If you’ve ever witnessed some one, say a child, make a bad mistake that you know will cause them difficulties and you’ve felt a pang of empathetic regret on their behalf, that’s the closest thing I can find to the nauseous feeling I get when listening to Trump lie.
The difference is that we normally get that feeling when we feel like the person has made an innocent error or that we sense that consequences will be far out of proportion to the actual sin. We may feel like wrapping that person in a protective blanket even if we recognize that they are largely responsible for making the bed they will now lie in.
And if we sense that we’re helpless to shield them from the consequences of their actions, we may get the sinking feeling in the pit of the stomach that I’m trying to describe.
Of course, I don’t have any empathy for Trump. I don’t want to shield or protect him. I would relish it if it suffered the appropriate consequences for his actions.
Yet, that sensation is there nonetheless, like seasickness or the early signs of stomach flu.
Part of it, I think, is a deep psychological desire, or need, to purge what I’m hearing from my reality. I want to get rid of of those words. I want to take away their power to do mischief.

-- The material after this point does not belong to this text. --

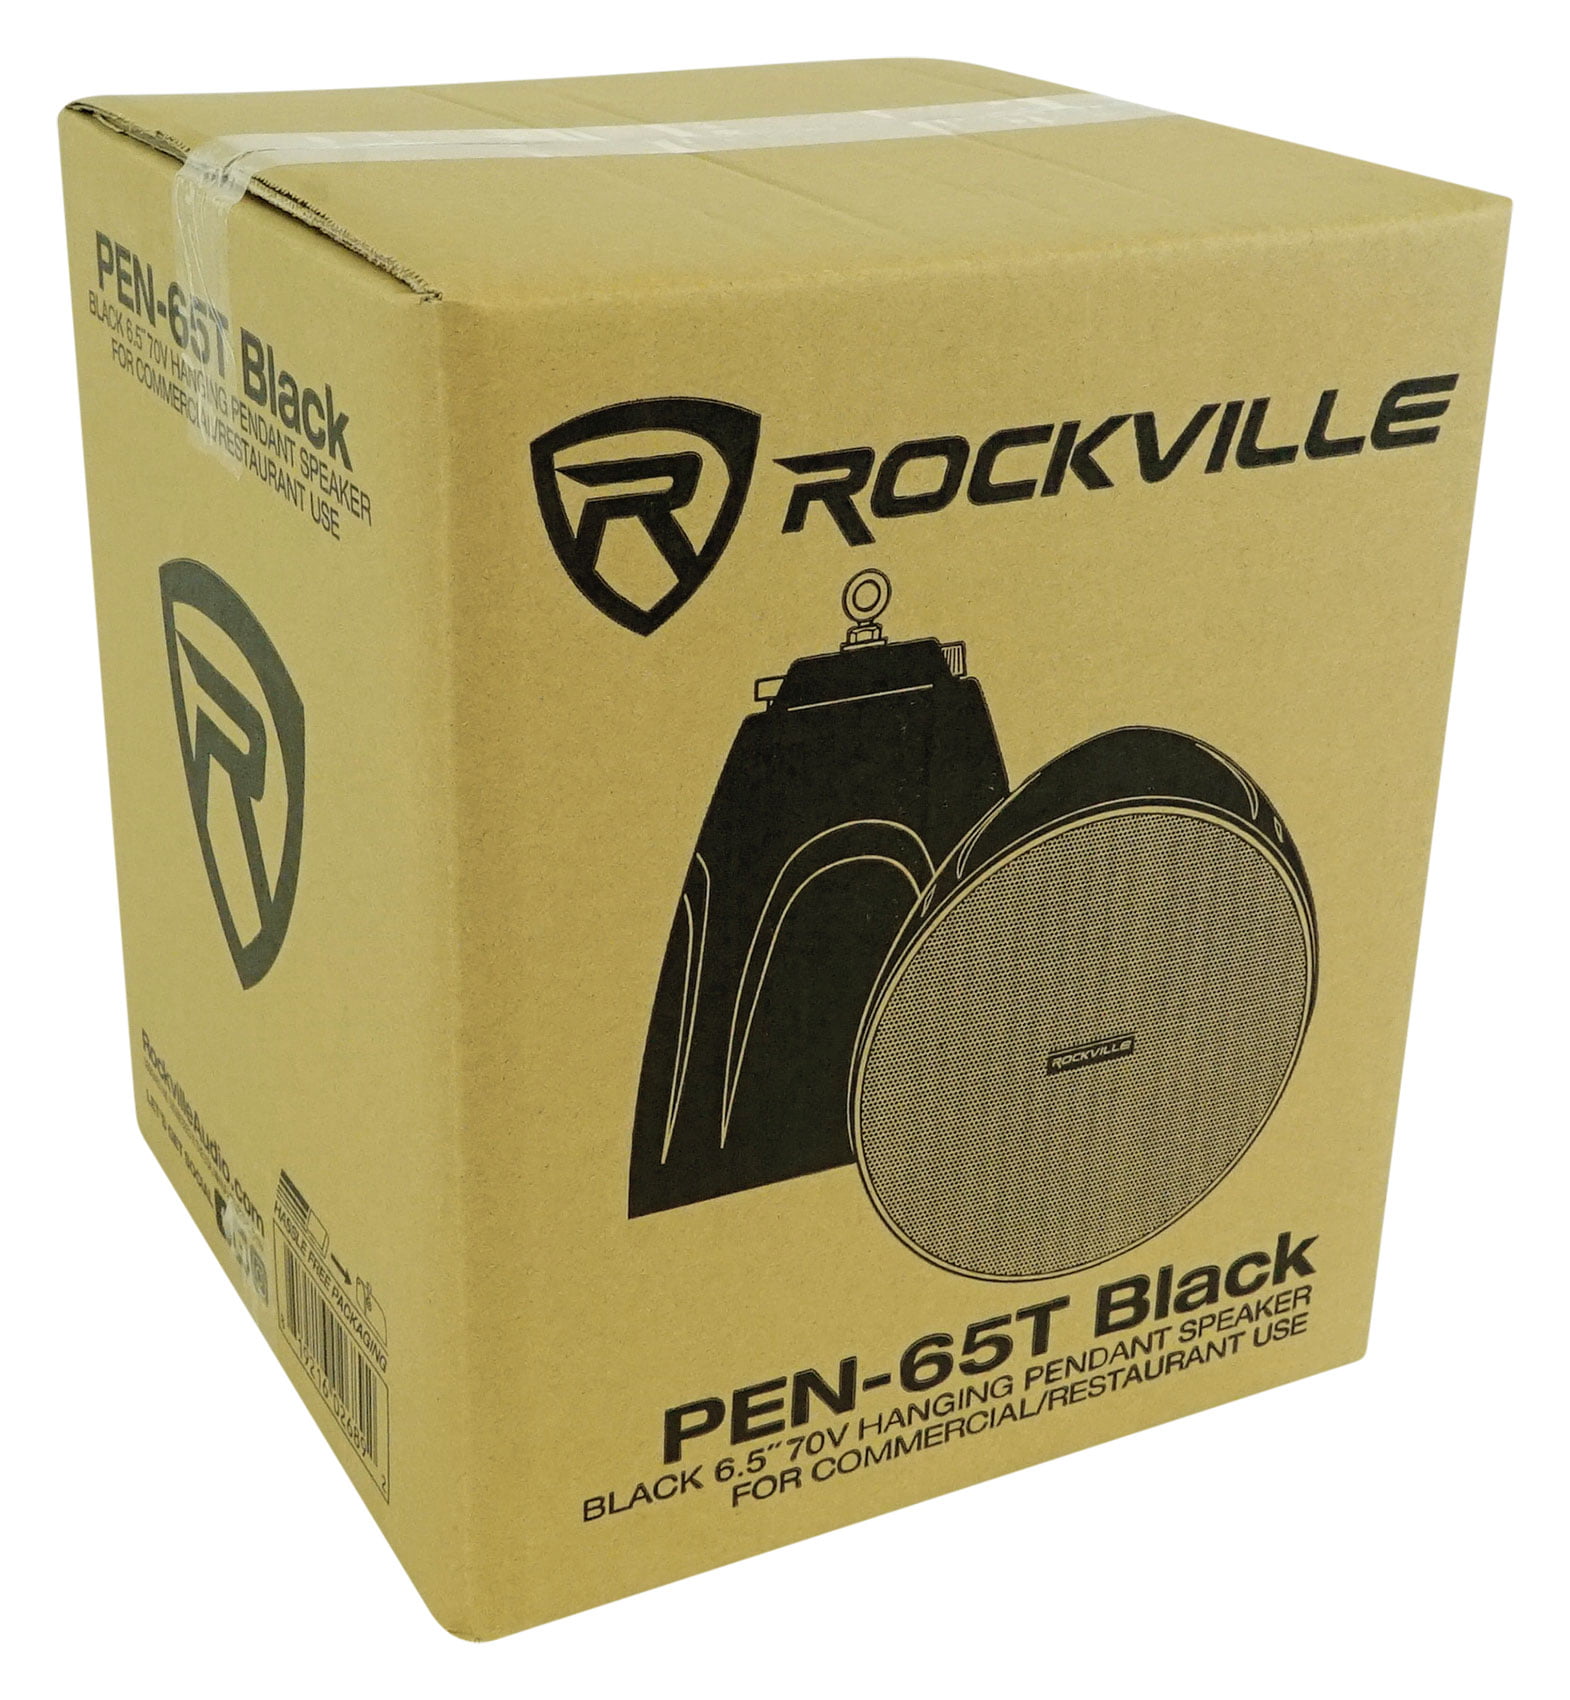 Rockville 6-Zone Commercial Amp+9 Black Pendant Speakers For Restaurant/Bar/Cafe

I want to decontaminate everything they come into contact with.
Because what he’s saying isn’t just untrue. It’s untethered from anything we can hold on to. It does actual violence to not only objective reality but the very idea that there is an objective reality.
What I realized about myself is that while I may have strong political beliefs and that I am incensed when powerful people attack the weak and vulnerable, what really drives my ideological disposition is a belief in the importance of empiricism. The Republicans keep moving farther and farther away from this value system that they derisively refer to as the “judicious study of discernible reality.”
I could go line by line to explain each and every lie and obfuscation in Trump’s press conference, but something is lost when you look at the trees rather than stepping back and beholding the forest. Trump is planting a veritable tree farm of outright bullshit. That it’s in the service of a malevolent and dangerous set of policies is obviously a massive concern for me, but it’s not what makes me want to retch.